Henley is a suburb on the Lower North Shore of Sydney, in the state of New South Wales, Australia. Henley is located 9 kilometres west of the Sydney central business district, in the local government area of the Municipality of Hunter's Hill. Henley sits on the northern side of the Parramatta River.

==History==

=== Aboriginal ===
Prior to the arrival of European settlers, the area was inhabited by the Indigenous Wallumettagal people of the Eora nation. They spoke a dialect of Dharug, and their name derives from the words wallumai, or 'snapper', and matta, which means 'way of water'. According to prominent early settler Jules Joubert, they had referred to the Hunters Hill peninsula and surrounding areas, including present-day Henley, as Moco Boula.
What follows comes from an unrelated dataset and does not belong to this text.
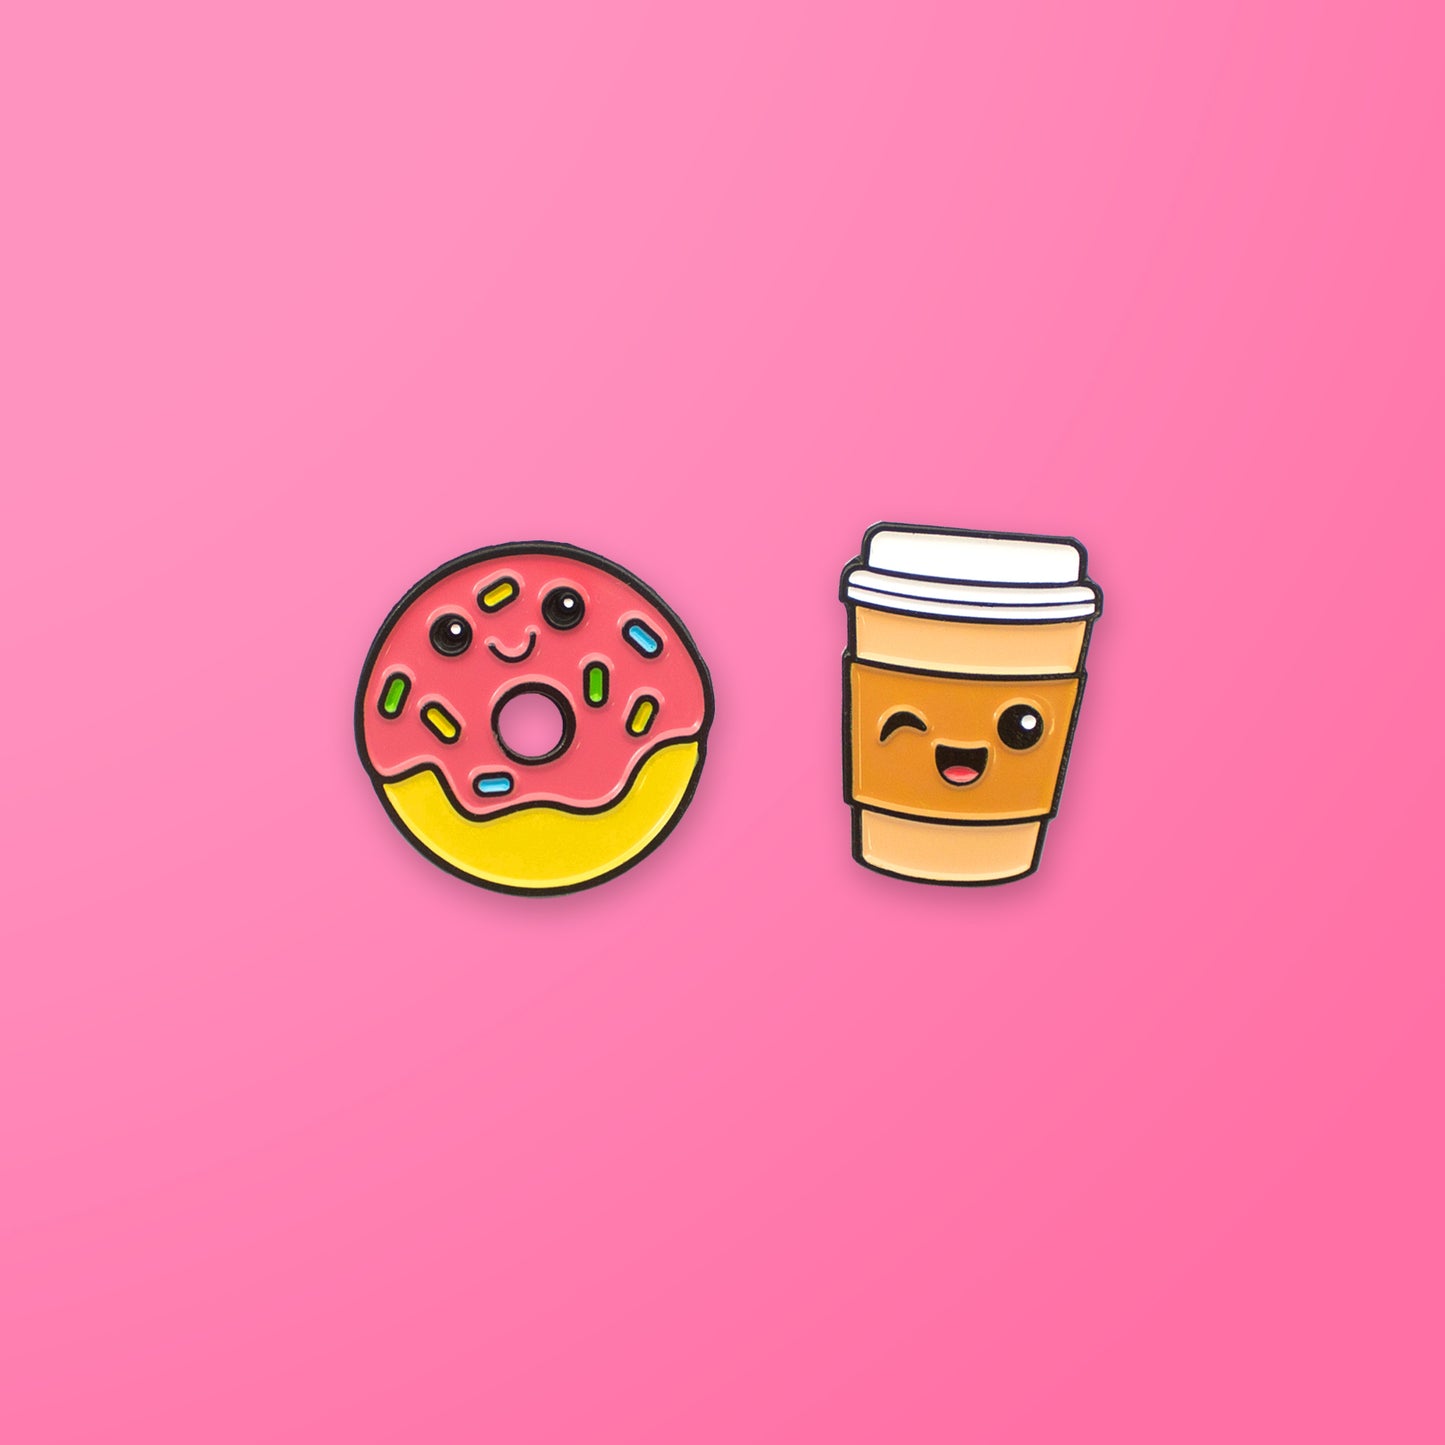 Donut and Coffee enamel pin set on pink background

The Wallumettagal peoples first came into contact with European settlers in 1788. By the late 18th century, however, the Indigenous inhabitants of the land had been driven from the area by a smallpox outbreak in 1789 and subsequent colonisation.

In 1988, following Bicentennial celebrations, Council renamed an inlet in Henley 'Wallumatta Bay' in recognition of the area's Indigenous inhabitants. A plaque honouring the Wallumettagal was installed in 2002.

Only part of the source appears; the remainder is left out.